Exercise data ->

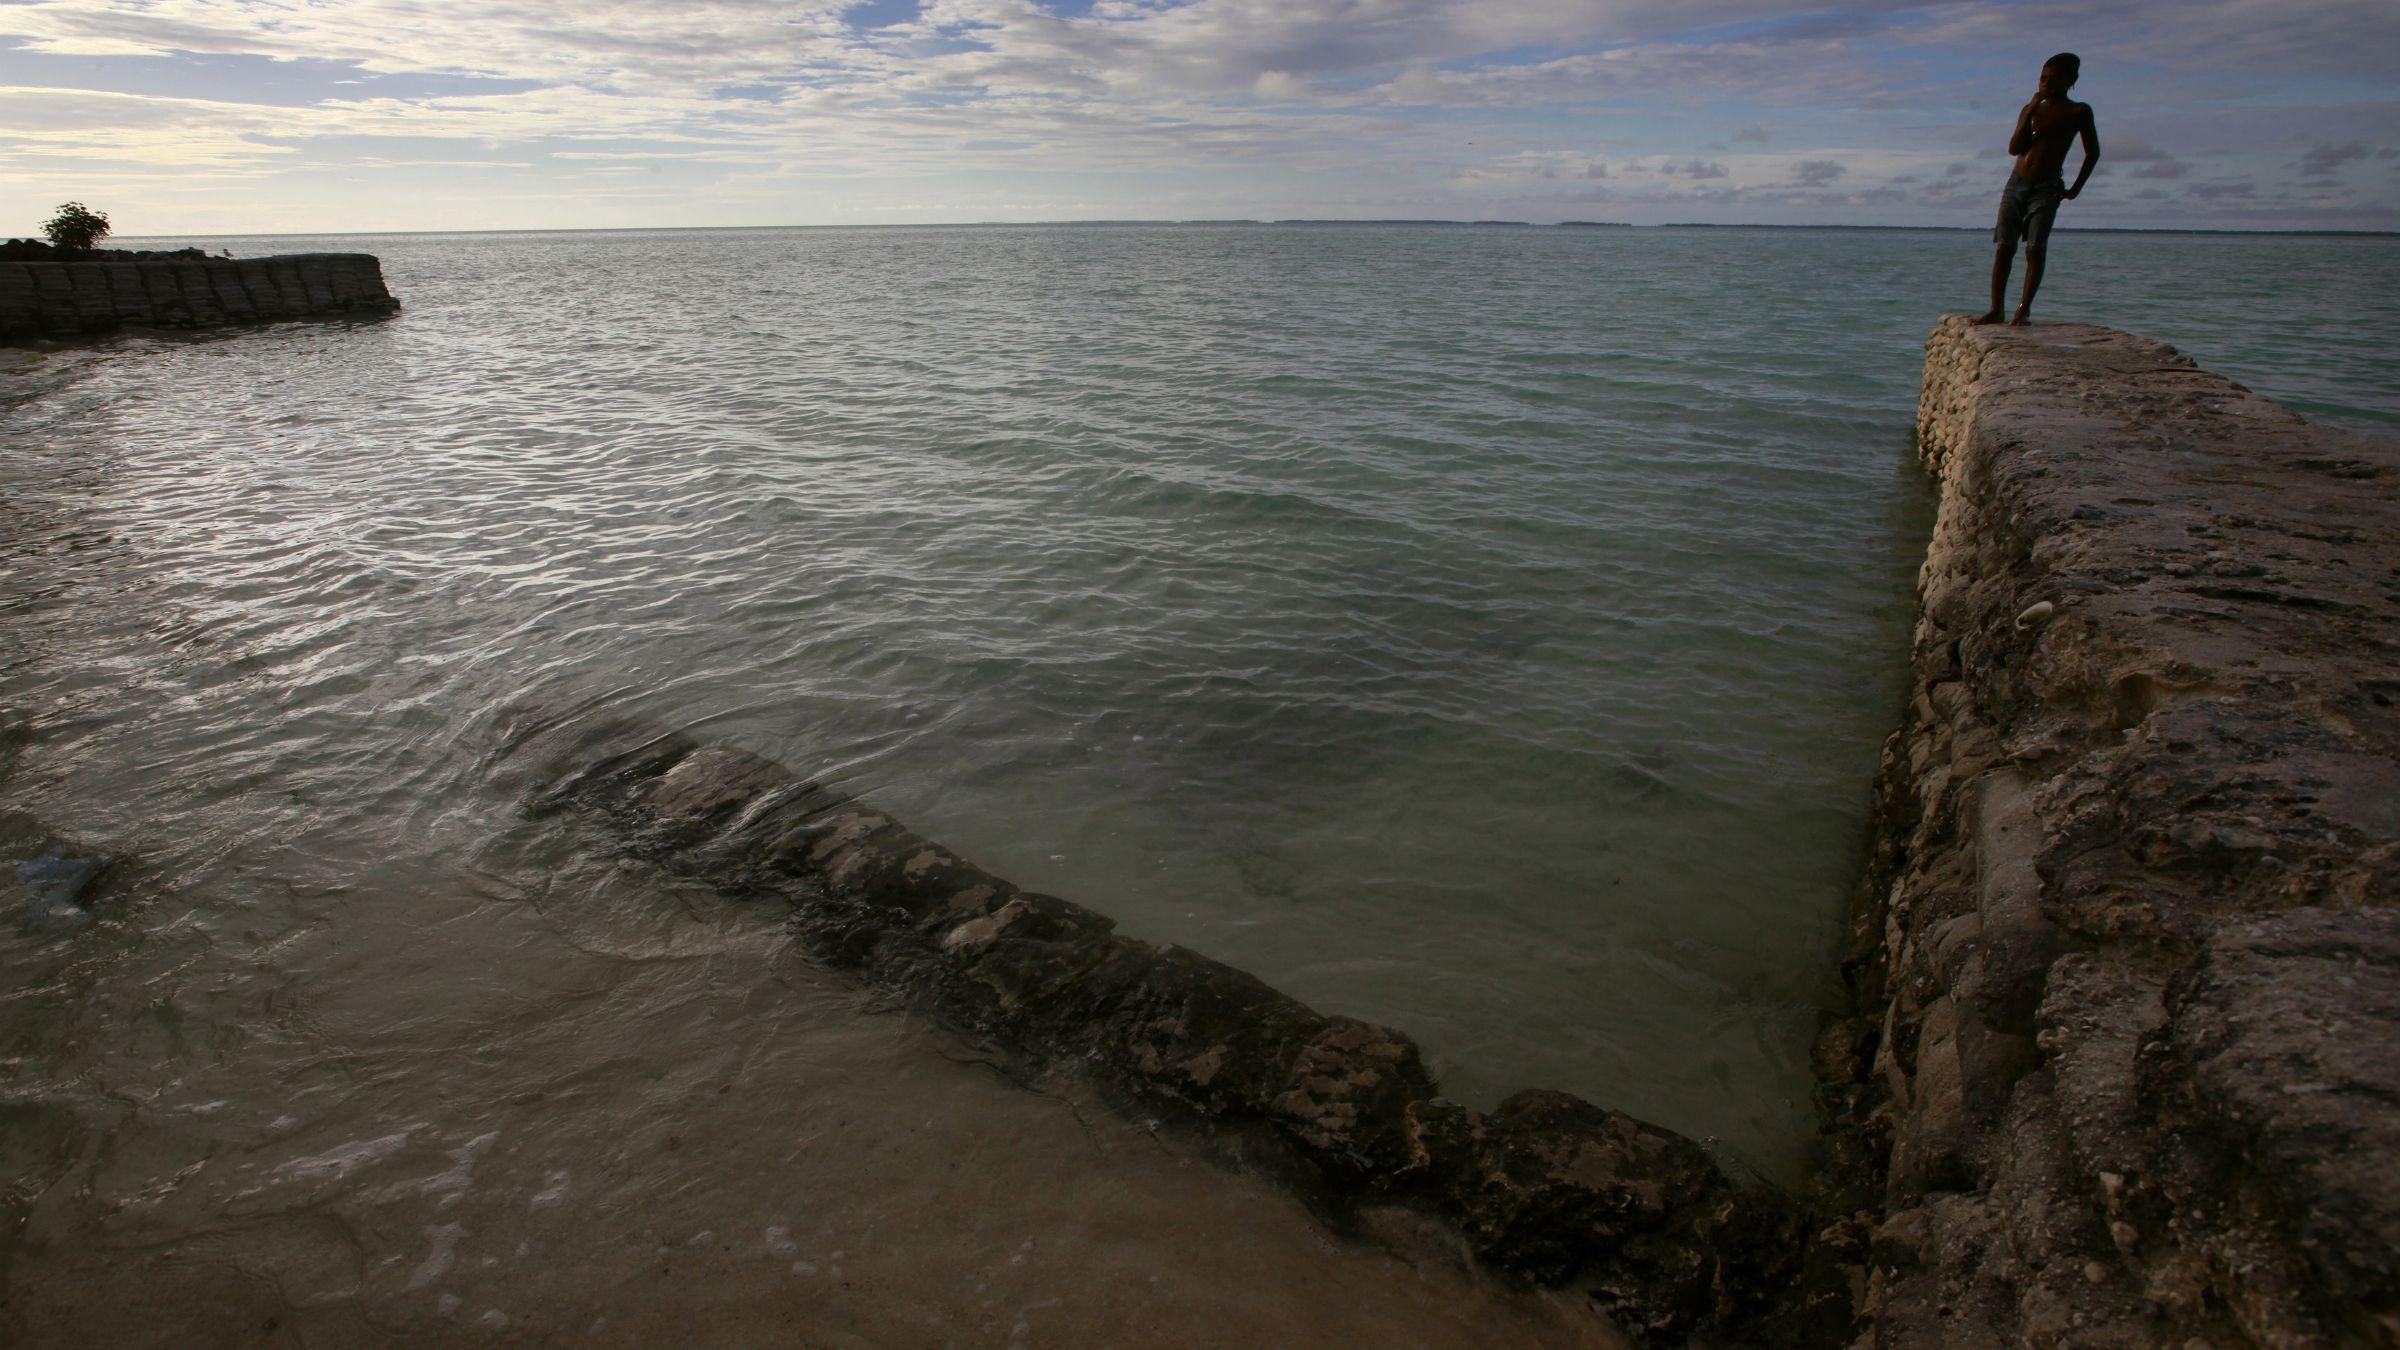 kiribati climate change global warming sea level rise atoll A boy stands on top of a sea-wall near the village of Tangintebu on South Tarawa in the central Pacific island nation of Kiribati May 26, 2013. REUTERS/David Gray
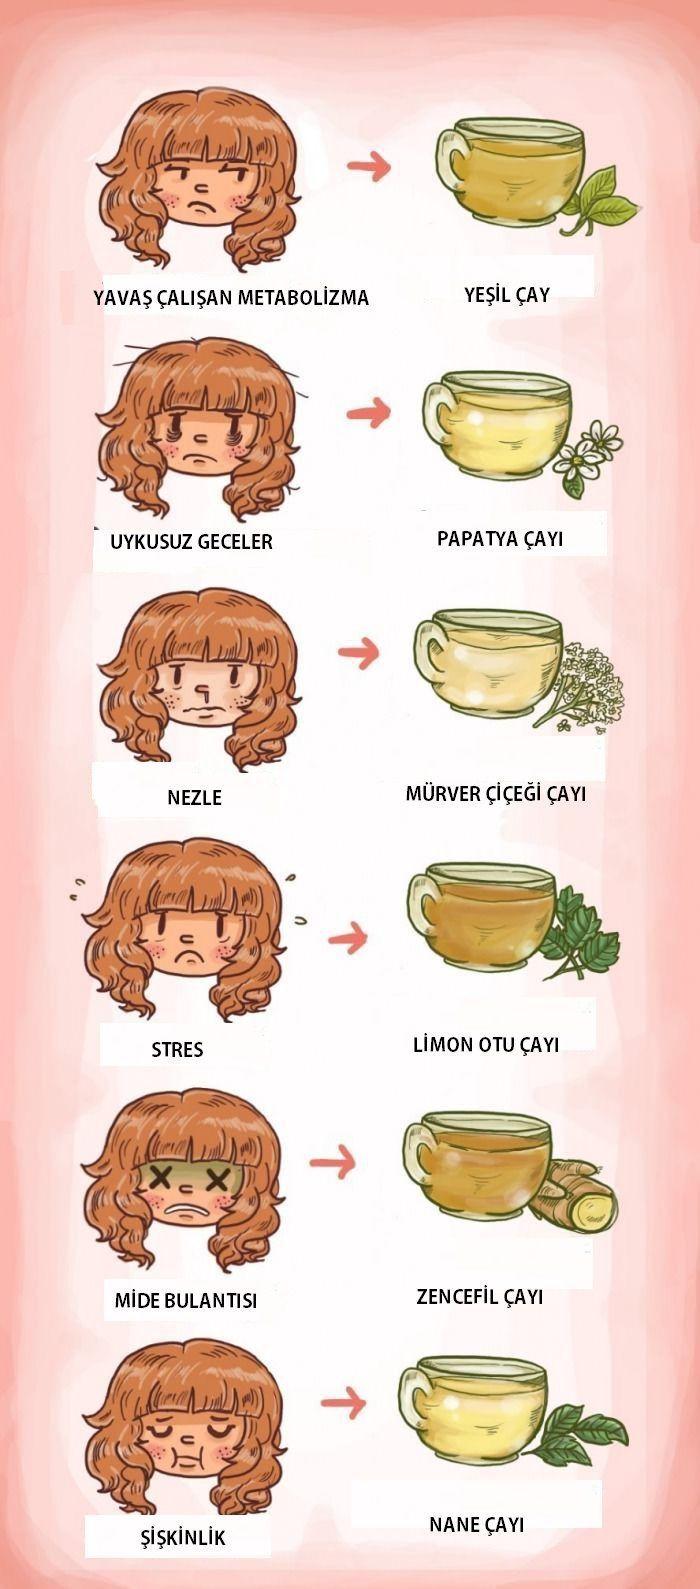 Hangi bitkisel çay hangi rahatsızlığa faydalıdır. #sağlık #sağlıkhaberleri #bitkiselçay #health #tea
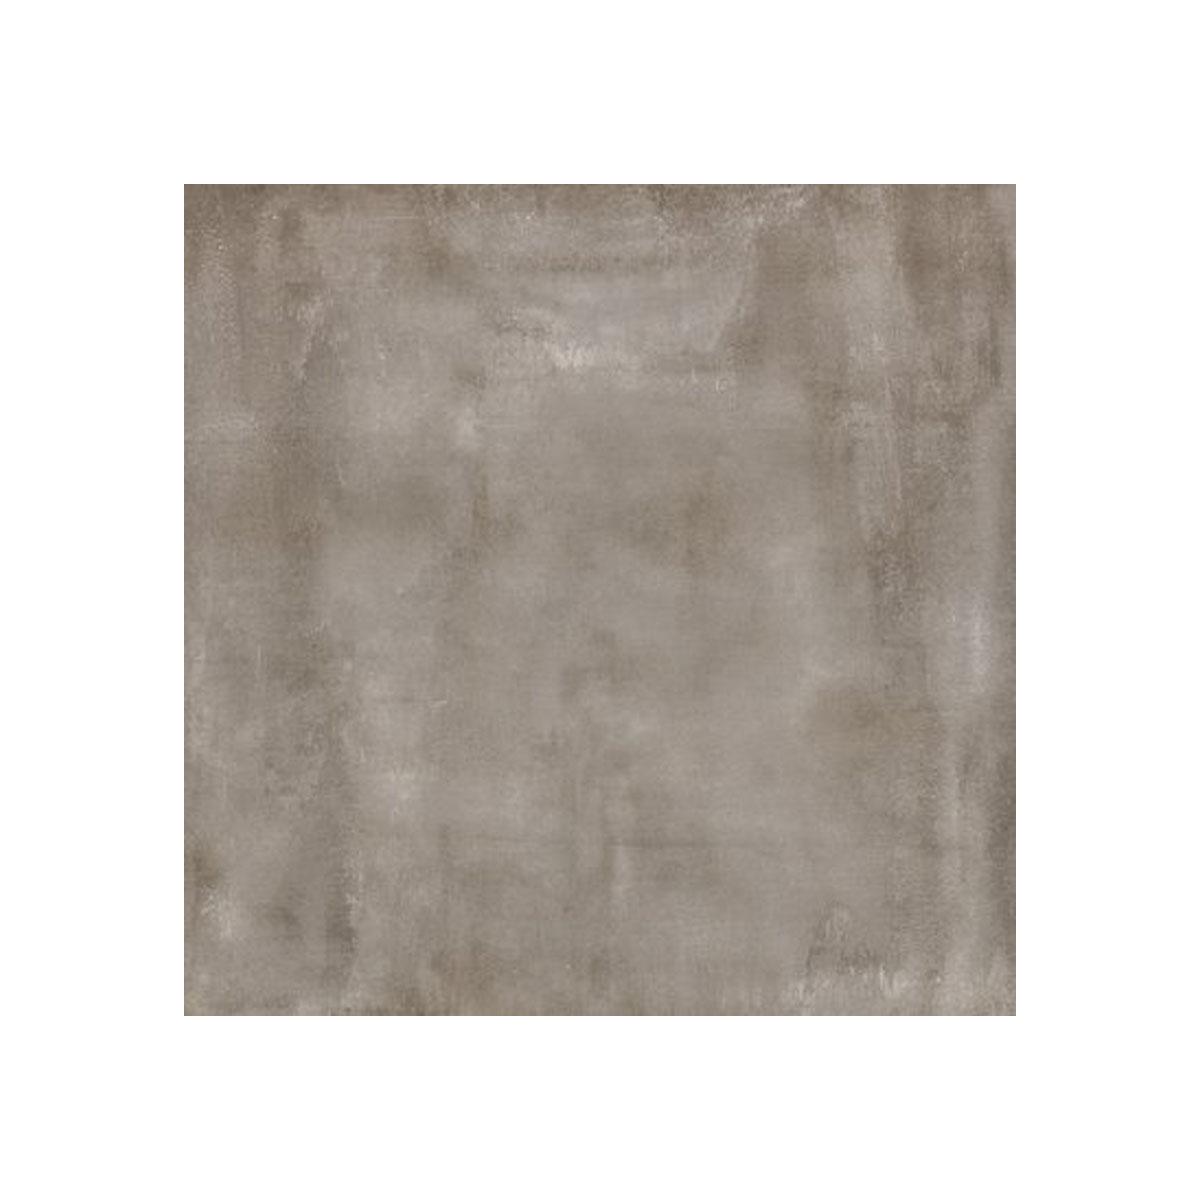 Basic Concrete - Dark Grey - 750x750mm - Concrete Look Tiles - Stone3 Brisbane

Exercise objective -> Beginning with the line that holds "Hangi bitkisel çay", write out exactly the lines down to the end of the material above, and no others. Pictures are not part of the copy.

Response to this task ->
 Hangi bitkisel çay hangi rahatsızlığa faydalıdır. #sağlık #sağlıkhaberleri #bitkiselçay #health #tea
 Basic Concrete - Dark Grey - 750x750mm - Concrete Look Tiles - Stone3 Brisbane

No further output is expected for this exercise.